Exercise goal: Below are the records; copy exactly the stretch from the line containing "the smiths morrissey" through the line containing "Nadin Новогодние мечты", both ends included, and nothing else.

====== Data supplied ======

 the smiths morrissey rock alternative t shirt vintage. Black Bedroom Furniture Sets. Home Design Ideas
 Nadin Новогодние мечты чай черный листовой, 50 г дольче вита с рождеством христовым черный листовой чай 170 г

======
====== Data supplied ======

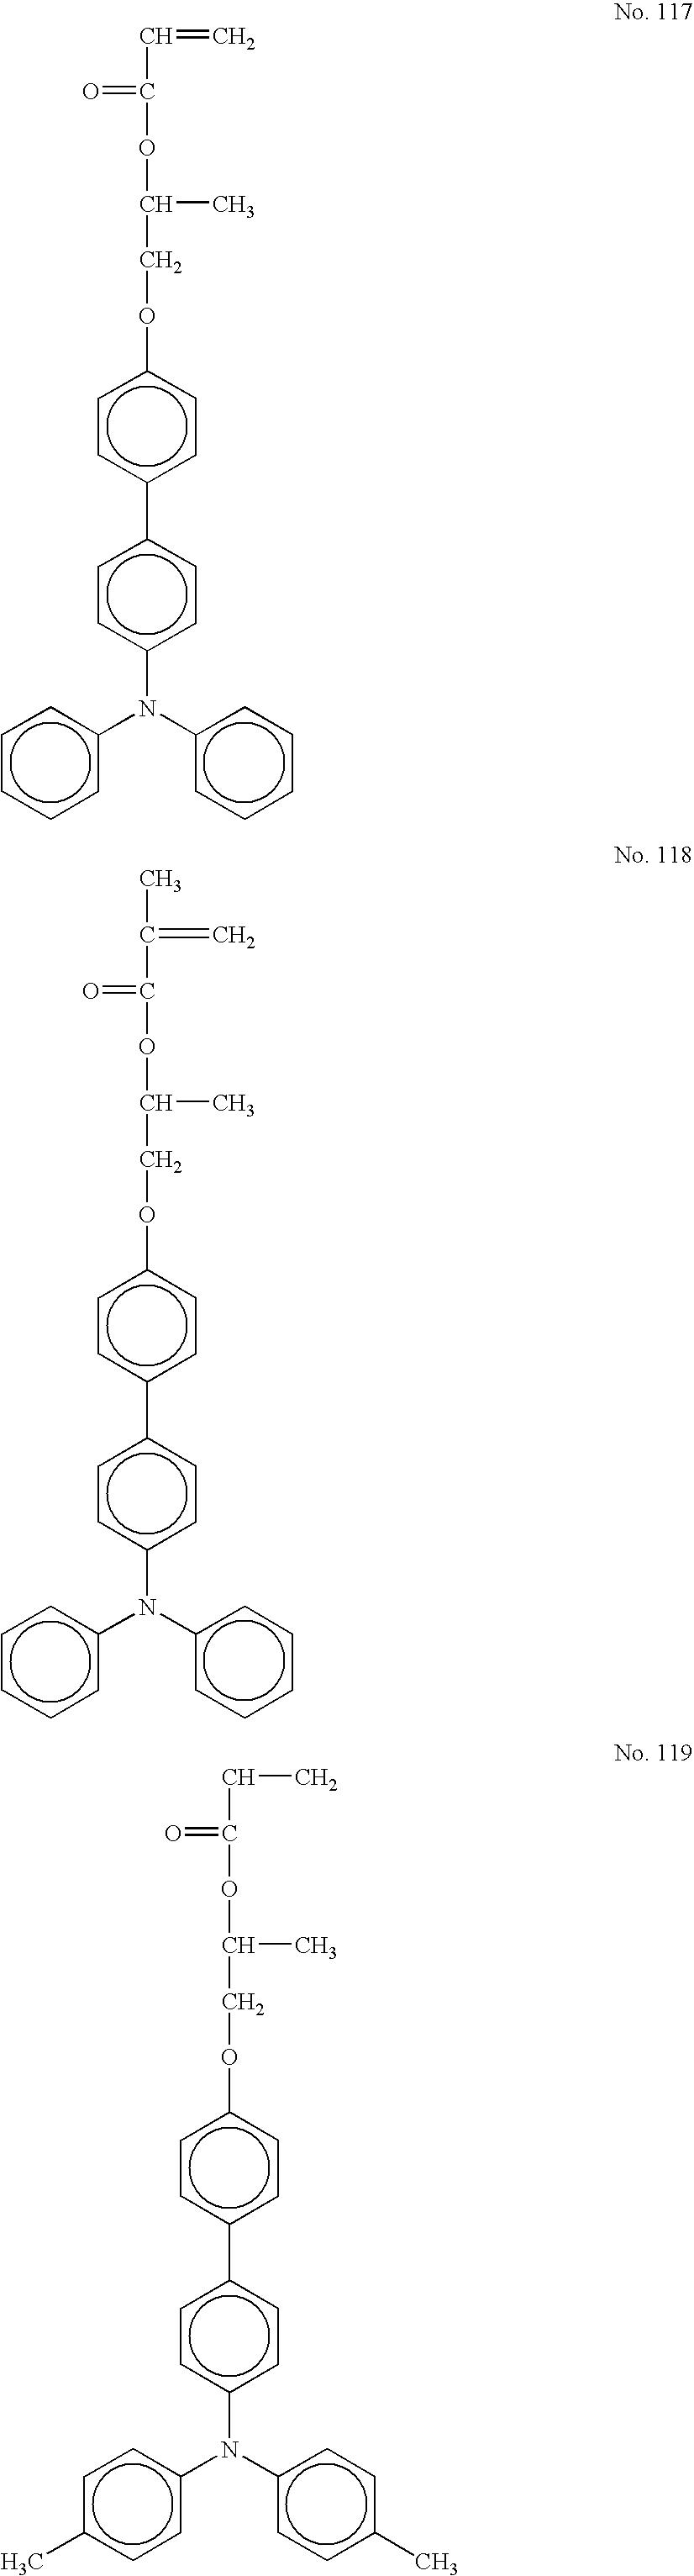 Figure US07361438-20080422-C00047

======

Response below:
 the smiths morrissey rock alternative t shirt vintage. Black Bedroom Furniture Sets. Home Design Ideas
 Nadin Новогодние мечты чай черный листовой, 50 г дольче вита с рождеством христовым черный листовой чай 170 г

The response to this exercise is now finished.